Для Дедова подобный сюжет противоречит самой цели искусства. «Что за поэзия в грязи! … по-моему, вся эта мужичья полоса в искусстве – чистое уродство. Кому нужны эти пресловутые репинские “Бурлаки”? … Где здесь красота, гармония, изящное?» Рябинин, по его верному замечанию, своей целью ставит изобразить противоположность красоты, «положительно безобразное»[557].
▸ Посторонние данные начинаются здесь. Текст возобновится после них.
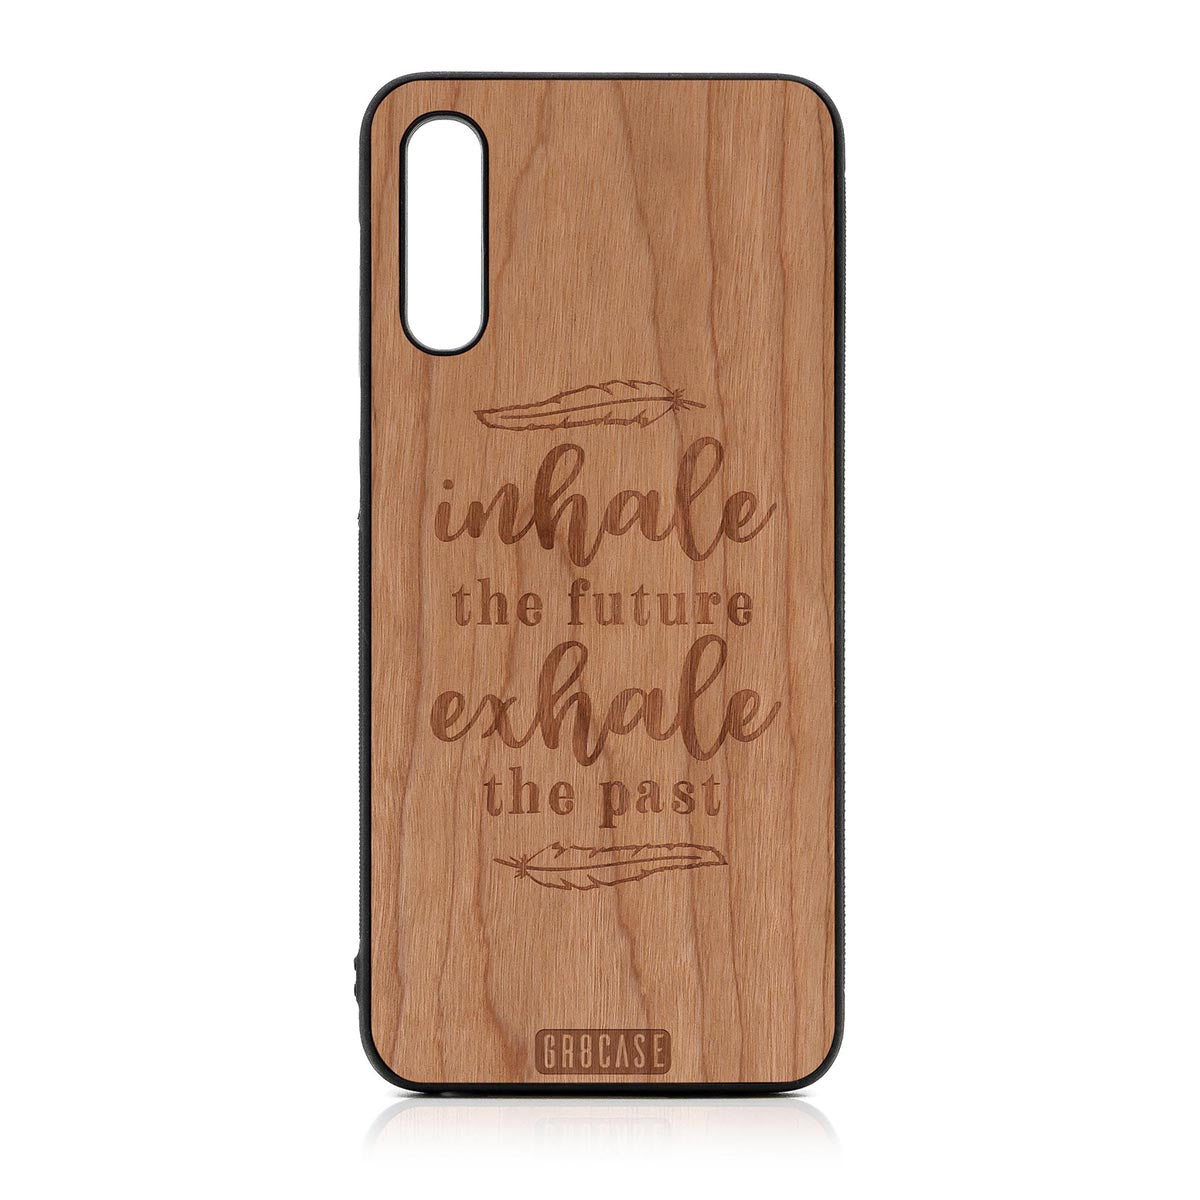 Inhale The Future Exhale The Past Design Wood Case For Samsung Galaxy A50 by GR8CASE

В романе Достоевского «Идиот» Ипполит Терентьев размышляет о натуралистичном изображении Христа в гробу кисти Гольбейна, на котором показано тело человека таким, каким оно было бы, если бы он вытерпел огромные страдания. «Если так ужасна смерть и так сильны законы природы, то как же одолеть их? – размышляет Ипполит, и мы вместе с ним. – Как одолеть их, когда не победил их теперь даже тот, который побеждал и природу при жизни своей …? … И если бы этот самый учитель мог увидать свой образ накануне казни, то так ли бы сам он взошел на крест и так ли бы умер, как теперь?» Гольбейну удалось изобразить искусство уродливого, форму, становящуюся бесформенной. Ипполит задается вопросом: «Может ли мерещиться в образе то, что не имеет образа?» Очевидно, да[558].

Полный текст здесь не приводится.